May put an arm forward without thinking, protecting the lips from the bindings trying to drag them away. Her voice came out in a deranged shout as the chain whipped her. “Mine!”
The metal links rose from the floor like a cobra, inspecting the creature trying to stop its work, and lunged once again. But this was May’s domain… and she had Control in here.
“They’re mine!” She screeched again, fighting this unknown assailant as it hit her with enough force to crack her porcelain skin and make the flesh underneath flare in pain. The chain kept striking her repeatedly, whipping her arm while May tried to deflect its blows to the best of her ability and hold the whisper close to her chest.
Still, even with all of her attempts, May still gave ground. The chain, unlike her, had no problem with hitting her legs and stomach and head 一 which it did repeatedly. So when she felt the thing from beyond coiling around her neck and squeezing, the doll took a hold of it and pulled.
The strength of its grip made May consider the possibility of the chain squeezing her throat so hard that her head would just pop out. But her decapitation was not meant to be, for when she tried to pull again, she felt the last of her Truth come out in a bombastic wave. An explosion that left May dizzy and weak and victorious over her assailant as the chain was ripped from wherever it came from.
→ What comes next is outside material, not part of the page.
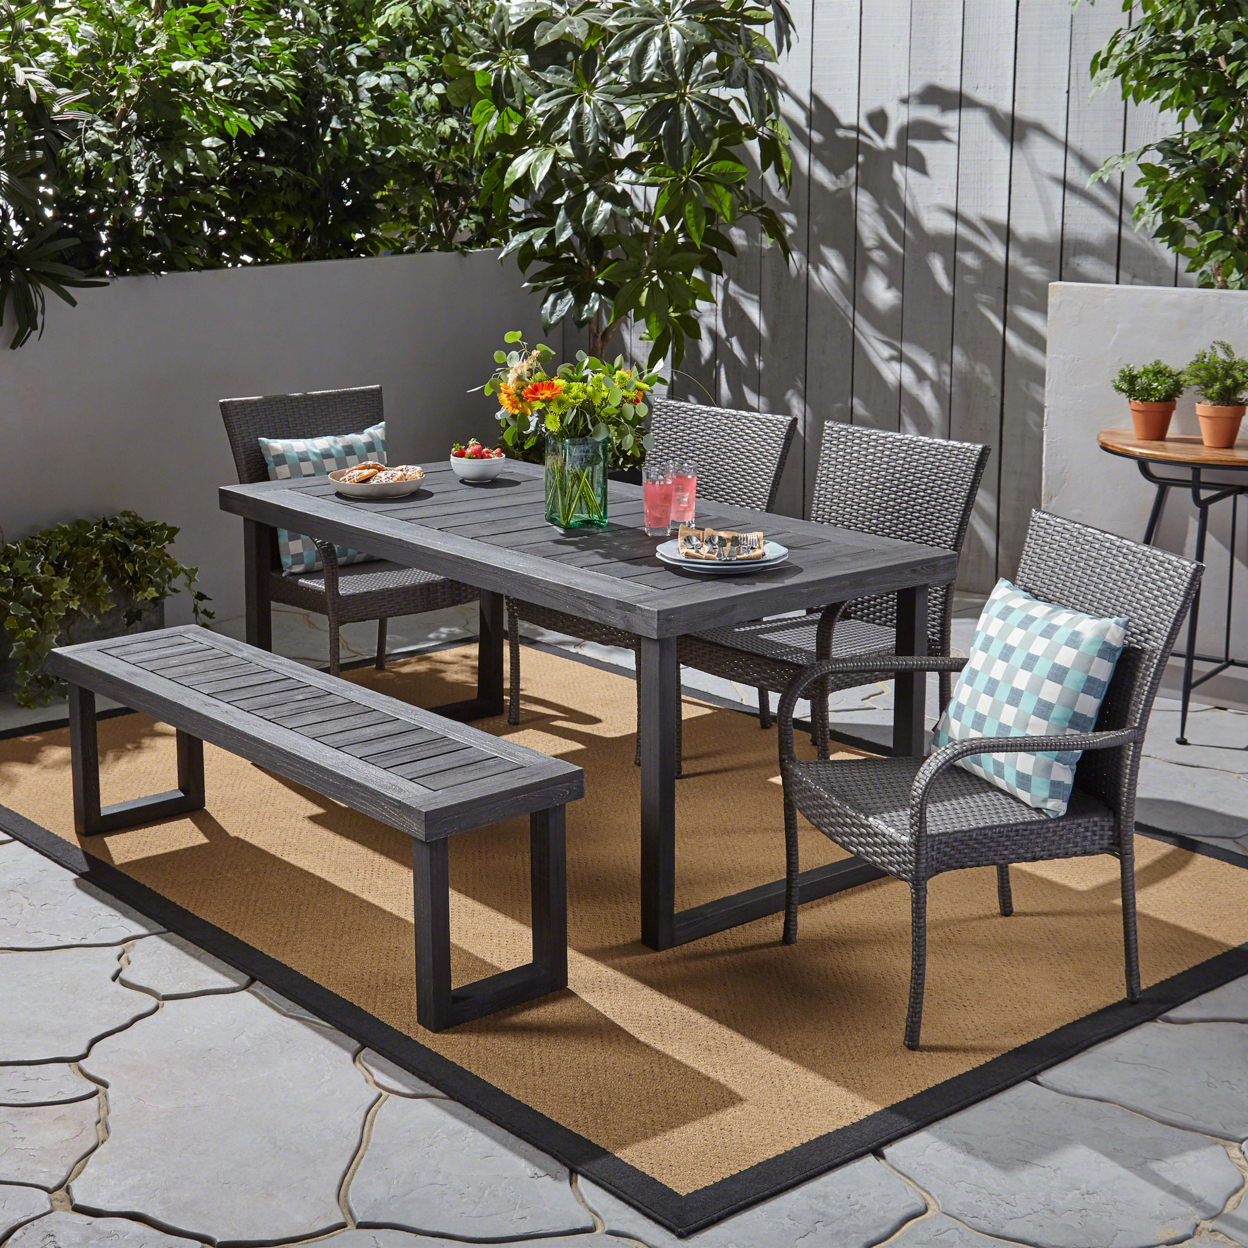 Alfven Outdoor 6-Seater Aluminum Dining Set With Wicker Chairs And Bench - Sandblast Dark Grey + Gray

She heard the squelching of flesh beyond and, though she did not feel it, the box inside her mind rattled at the sound.
A single chain of dozens. A single whisper of thousands. The grip around her neck eased instantaneously, and the now inert chain only felt heavy on her shoulders.
Drained, May fell to the floor, laying on her back as the screams grew farther and farther until all that remained inside her Gift was silence.
She knew not what had happened to those taken, or even to the whispers that had fled before the attack, but it would have to wait. Her mana had been spent to its last drags, every drop squeezed out of her to the point she felt her vision darkening around the edges.
May understood, however, that a new enemy had tested her Control and mostly succeeded. She could swear and promise revenge, make vows of retribution and ensure this offense wouldn’t go unanswered 一 She would do all of that if she still had the energy to think about those things. But…
The silent embrace of sleep felt so, so charming to her tired soul.